DreamCraft3D: Hierarchical 3D Generation with Bootstrapped Diffusion Prior (2310.16818v2)

Published 25 Oct 2023 in cs.CV and cs.CG

Abstract: We present DreamCraft3D, a hierarchical 3D content generation method that produces high-fidelity and coherent 3D objects. We tackle the problem by leveraging a 2D reference image to guide the stages of geometry sculpting and texture boosting. A central focus of this work is to address the consistency issue that existing works encounter. To sculpt geometries that render coherently, we perform score distillation sampling via a view-dependent diffusion model. This 3D prior, alongside several training strategies, prioritizes the geometry consistency but compromises the texture fidelity. We further propose Bootstrapped Score Distillation to specifically boost the texture.

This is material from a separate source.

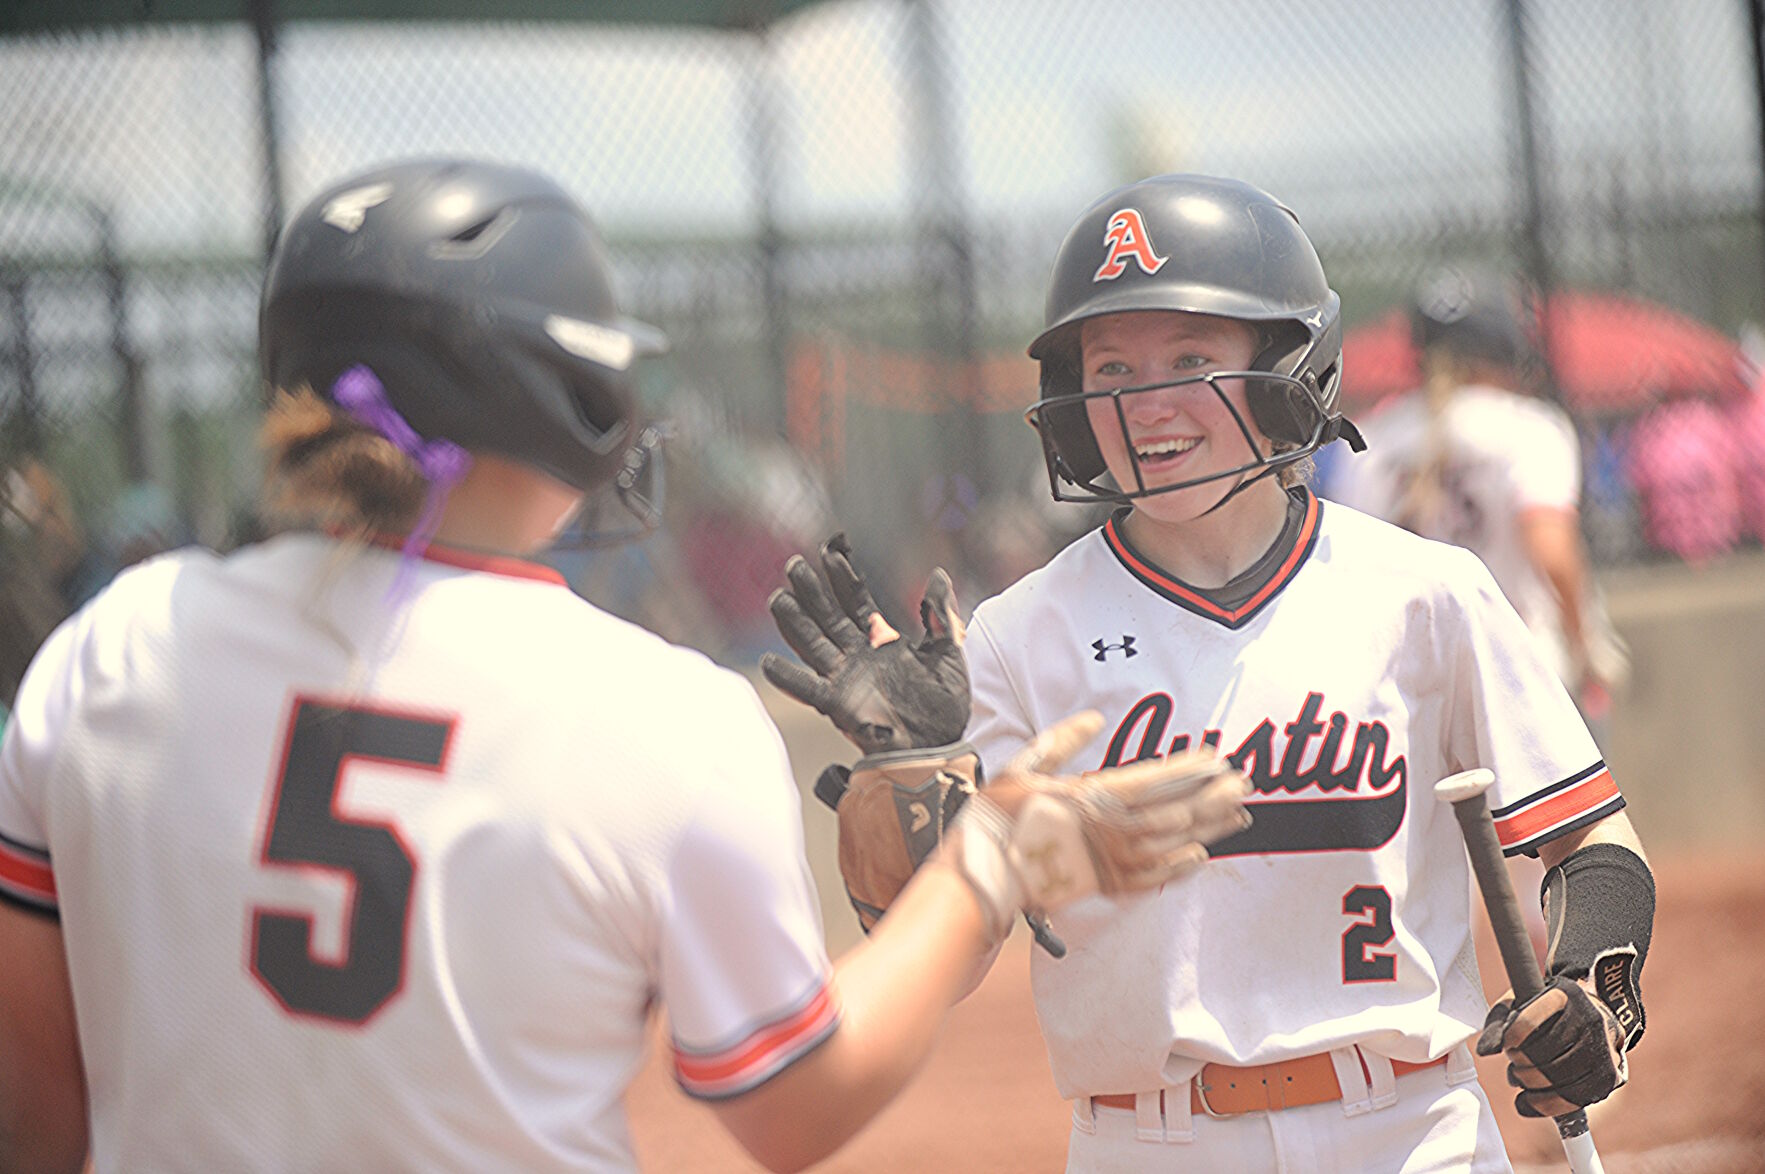 Austin falls one game shy of state tournament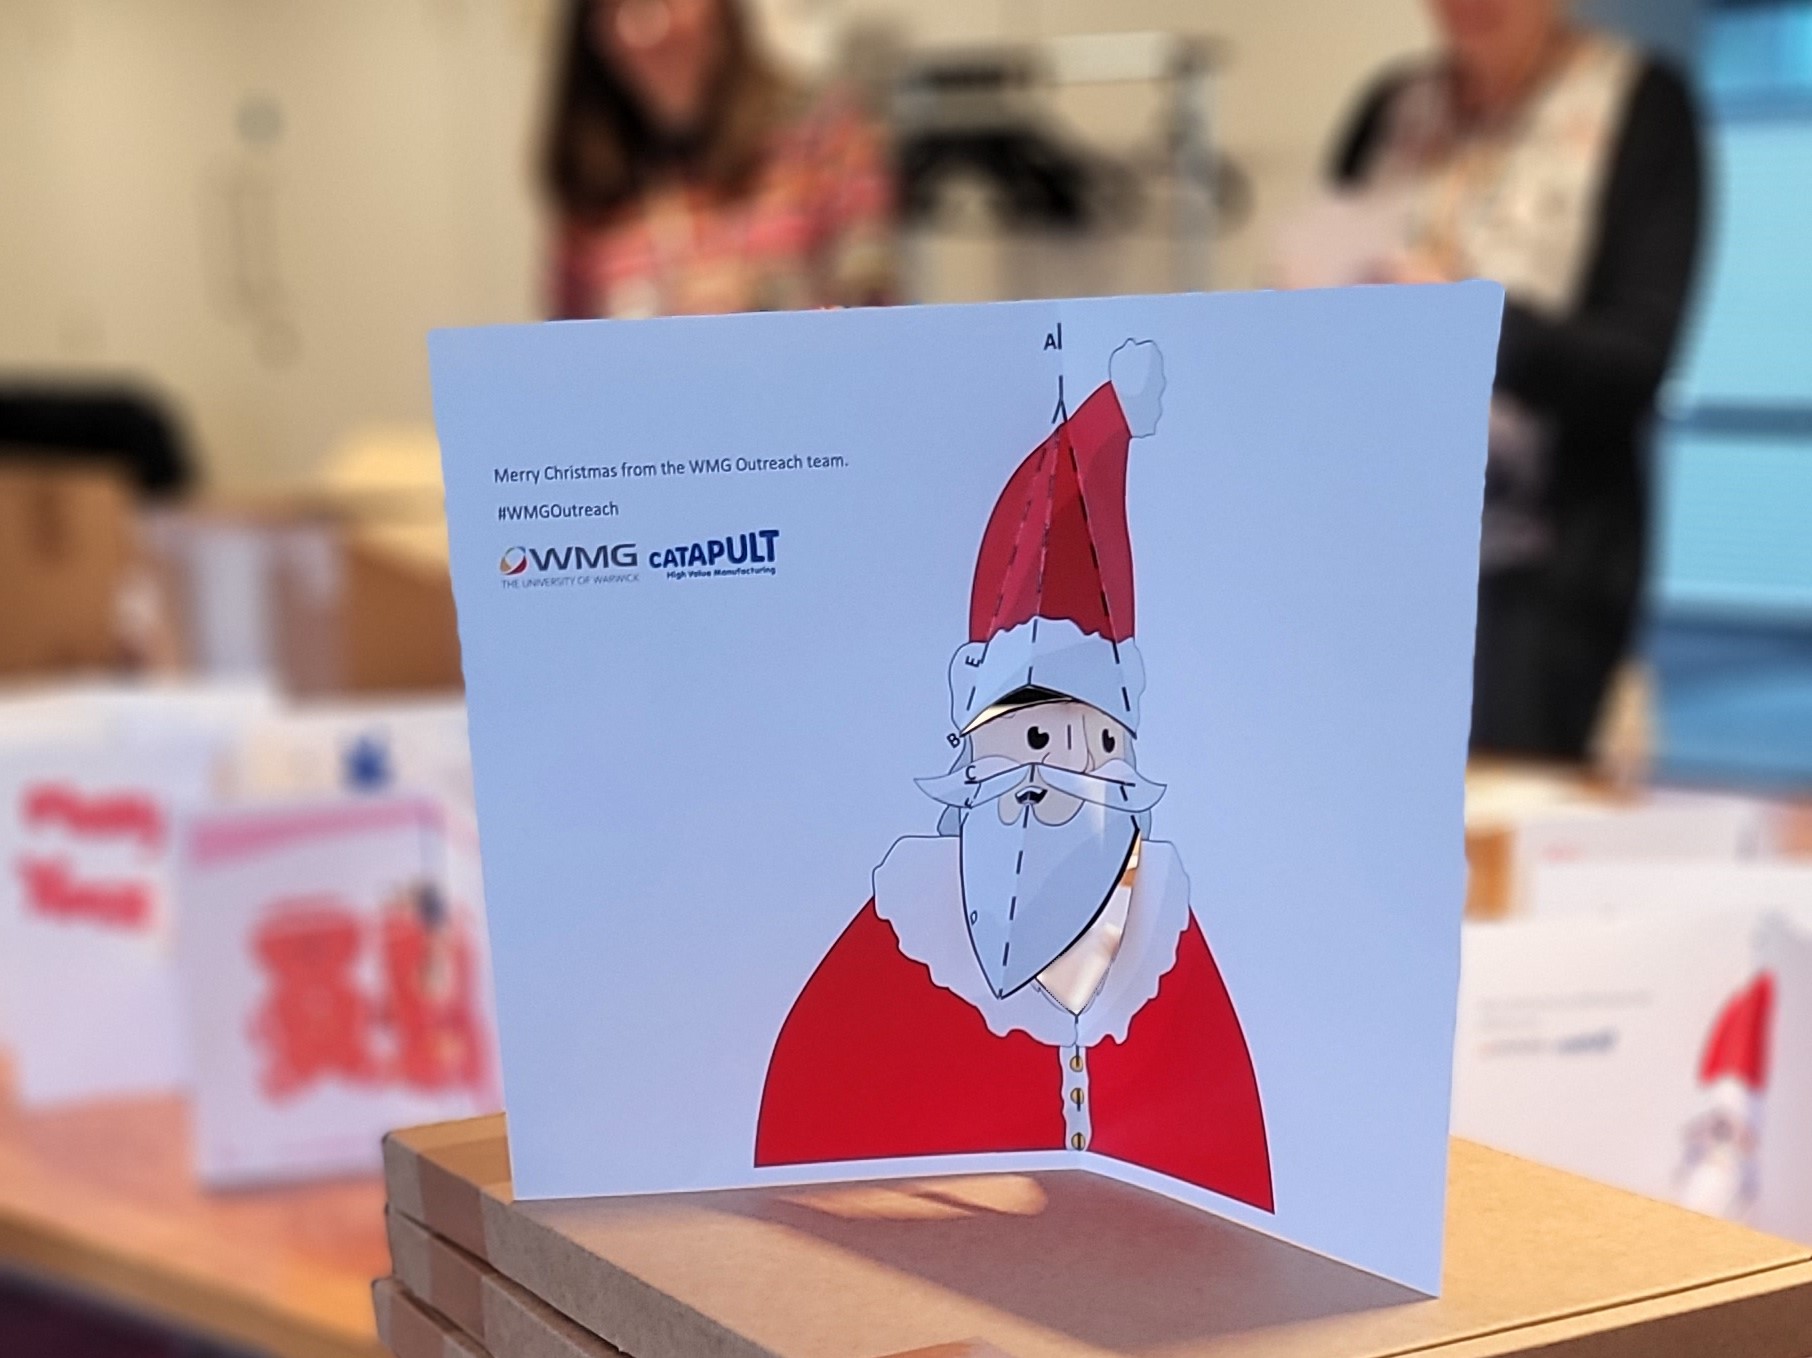 a pop-up card shows Father Christmas with his beard and hat popping out from the card.

We train a personalized diffusion model, Dreambooth, on the augmented renderings of the scene, imbuing it with 3D knowledge of the scene being optimized. The score distillation from this 3D-aware diffusion prior provides view-consistent guidance for the scene. Notably, through an alternating optimization of the diffusion prior and 3D scene representation, we achieve mutually reinforcing improvements: the optimized 3D scene aids in training the scene-specific diffusion model, which offers increasingly view-consistent guidance for 3D optimization. The optimization is thus bootstrapped and leads to substantial texture boosting. With tailored 3D priors throughout the hierarchical generation, DreamCraft3D generates coherent 3D objects with photorealistic renderings, advancing the state-of-the-art in 3D content generation. Code available at https://github.com/deepseek-ai/DreamCraft3D.

PDF Abstract

DreamCraft3D: Hierarchical 3D Generation with Bootstrapped Diffusion Prior

The paper introduces DreamCraft3D, a novel hierarchical method for generating high-fidelity and coherent 3D objects. Addressing the challenges in 3D content creation, DreamCraft3D emphasizes maintaining consistency while producing intricate details. The approach leverages a 2D reference image for guiding geometry sculpting and texture enhancement, employing a view-dependent diffusion model to ensure coherence.

Key Components

DreamCraft3D involves several stages, each engineered to enhance 3D object generation:

Geometry Sculpting:
- Uses Score Distillation Sampling (SDS) with diffusion models to prioritize geometry coherence over fidelity.
- Implements a view-conditioned diffusion model, Zero-1-to-3, for improved viewpoint awareness and consistency across renderings.
- Employs strategies like progressive view training and diffusion timestep annealing to refine the 3D geometry gradually.
Texture Boosting:
- Utilizes Bootstrapped Score Distillation (BSD) to significantly enhance texture quality.
- Adopts a personalized 3D-aware diffusion model, DreamBooth, fine-tuned on multi-view renderings to ensure view-consistent guidance.
- Alternates optimization between the diffusion prior and 3D scene representation to mutually reinforce improvements.

Experimental Evaluation

The approach is rigorously compared against various baselines, including DreamFusion, Magic3D, and Make-It-3D. Key numerical results highlight DreamCraft3D’s superior performance in terms of CLIP score and perceptual loss, illustrating its capability to generate more realistic and consistent 3D assets.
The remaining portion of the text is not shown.